During the leasing period, Maguire/Thomas Partners at first used an off-site marketing center that overlooked the property, then built an on-site center, which permitted the dramatic drawing-of-the-curtain presentation ritual in posh surroundings equipped with the latest audio-visual equipment and a sampling of furnishings and architectural models.

Luncheons aimed at bringing together and pitching to the brokerage community hit a peak recently when Miller-Klutznick-Davis-Gray Co. and 20th Century Fox, developers of the 34-story, 649-square-foot Fox Plaza Building in Century City, hosted a lavish event on the movie set of "Big Trouble in Little China" on the Fox lot.

Expensive but Crucial

The purpose, of course, was to acquaint the brokers with their new Moderne Fox Plaza office complex with architecture by Pereira Associates that is essentially a prismatic form designed to create a strong vertical presence.

William H. Hammerstein, president of Search Builders Inc., which has high-rise projects and research-and-development office parks in San Diego, Los Angeles (the Wilshire Brentwood Plaza), Milpitas and Burlingame, is another firm believer in the effectiveness of marketing centers.
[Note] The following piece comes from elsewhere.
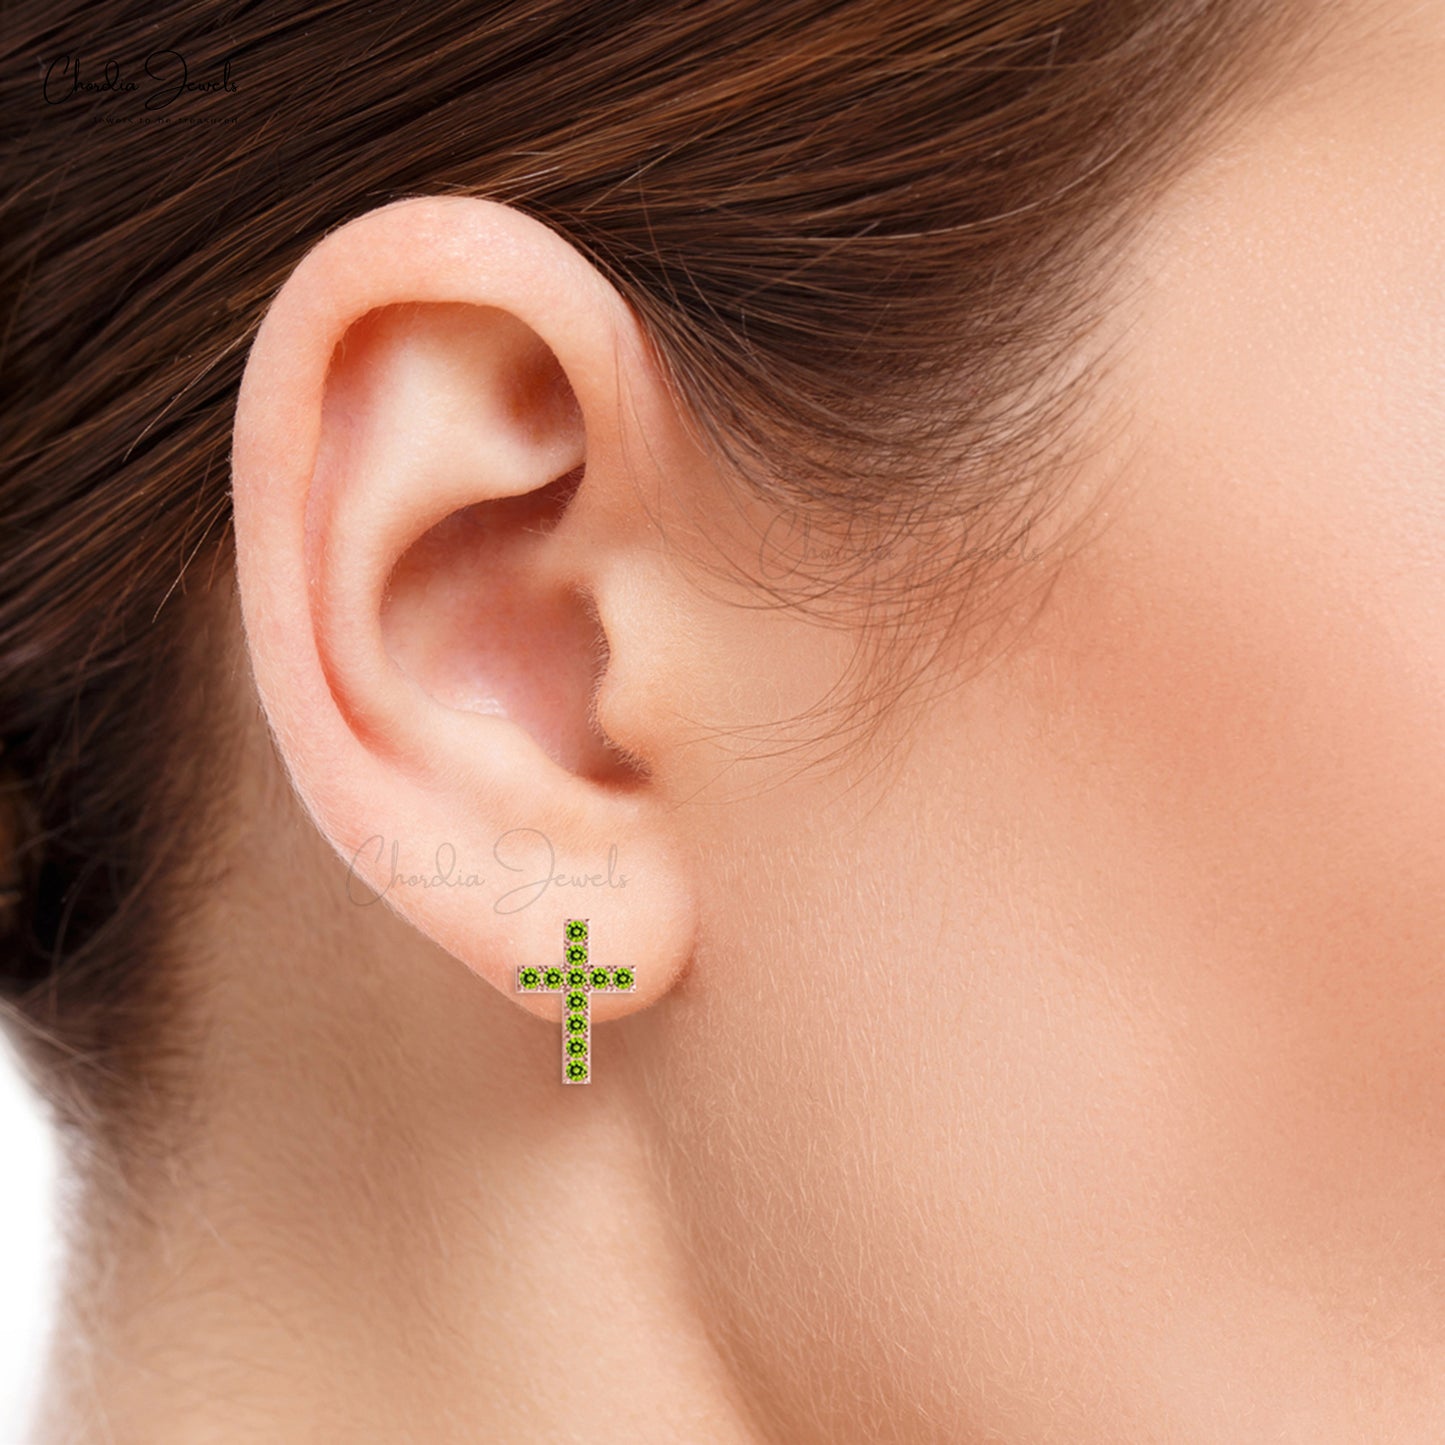 Load image into Gallery viewer, Minimalist Earrings Mini Cross Shaped August Birthstone Natural Green Peridot Stud Earrings Pure 14k Gold Religious Studs Dainty Jewelry For Gift
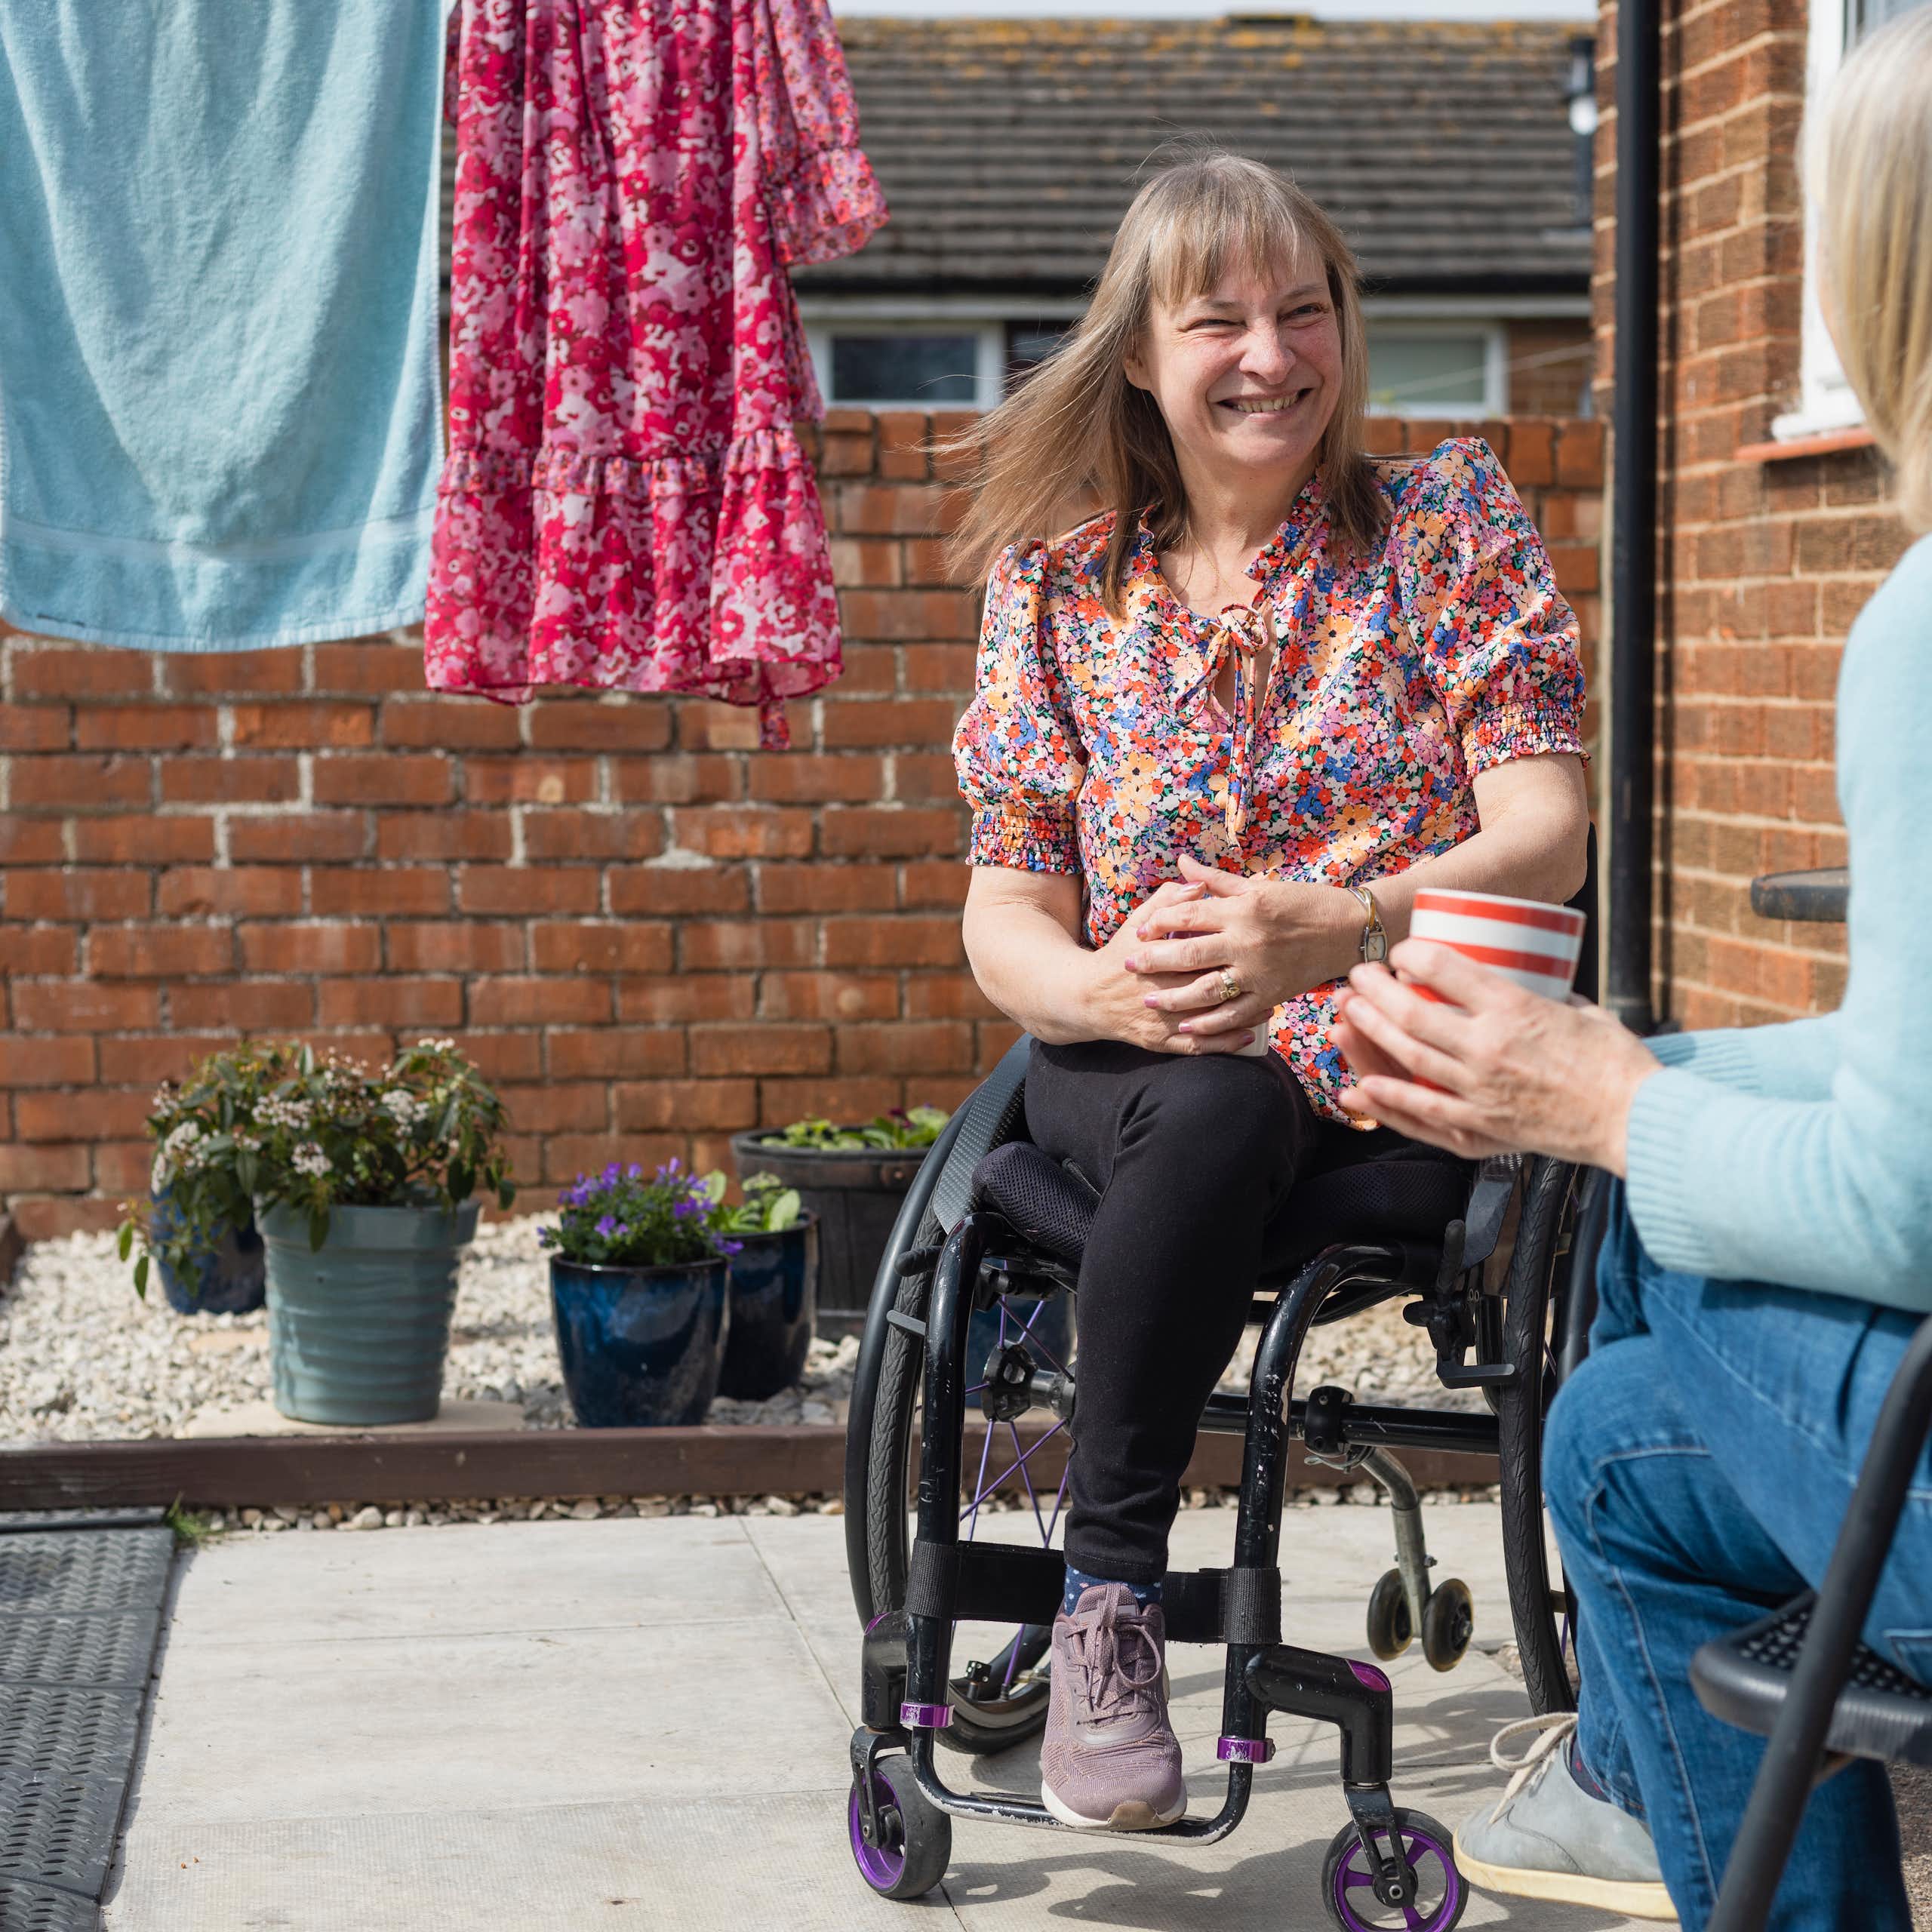 two women talking in home courtyard with washing hanging nearby. One woman using wheelchair

"They are expensive but they can be a crucial marketing tool. We are currently building such a center on the upper floor of one of three buildings in our Bay Park Plaza complex in Burlingame," Hammerstein said.

"A center that overlooks the site or is part of the project, is ideally what we strive for in making our presentation to clients, and it allows them to relate more directly to what we are trying to create for them. We also find that brokers use them a lot and also appreciative having the support of a sophisticated environment and presentation available to them.

Assist the Brokers

"In the business of leasing, the broker is king."

"We try to assist by always holding broker openings and keeping them abreast of our development through newsletters and by direct contact. When it comes to dealing with space needs and price negotiation, a broker can make or break a deal. I know, I've been there," said Hammerstein, a former Coldwell Banker broker.

Gregg Gann, vice president and Westside district manager for Grubb & Ellis, a veteran of commercial leasing on the Westside, had another view.

"It is a highly competitive area, where many buildings are already completed." he said. "In those cases, marketing information centers aren't that much help. A prospective tenant would rather walk through a completed building.

"Shoe leather can accomplish a lot more."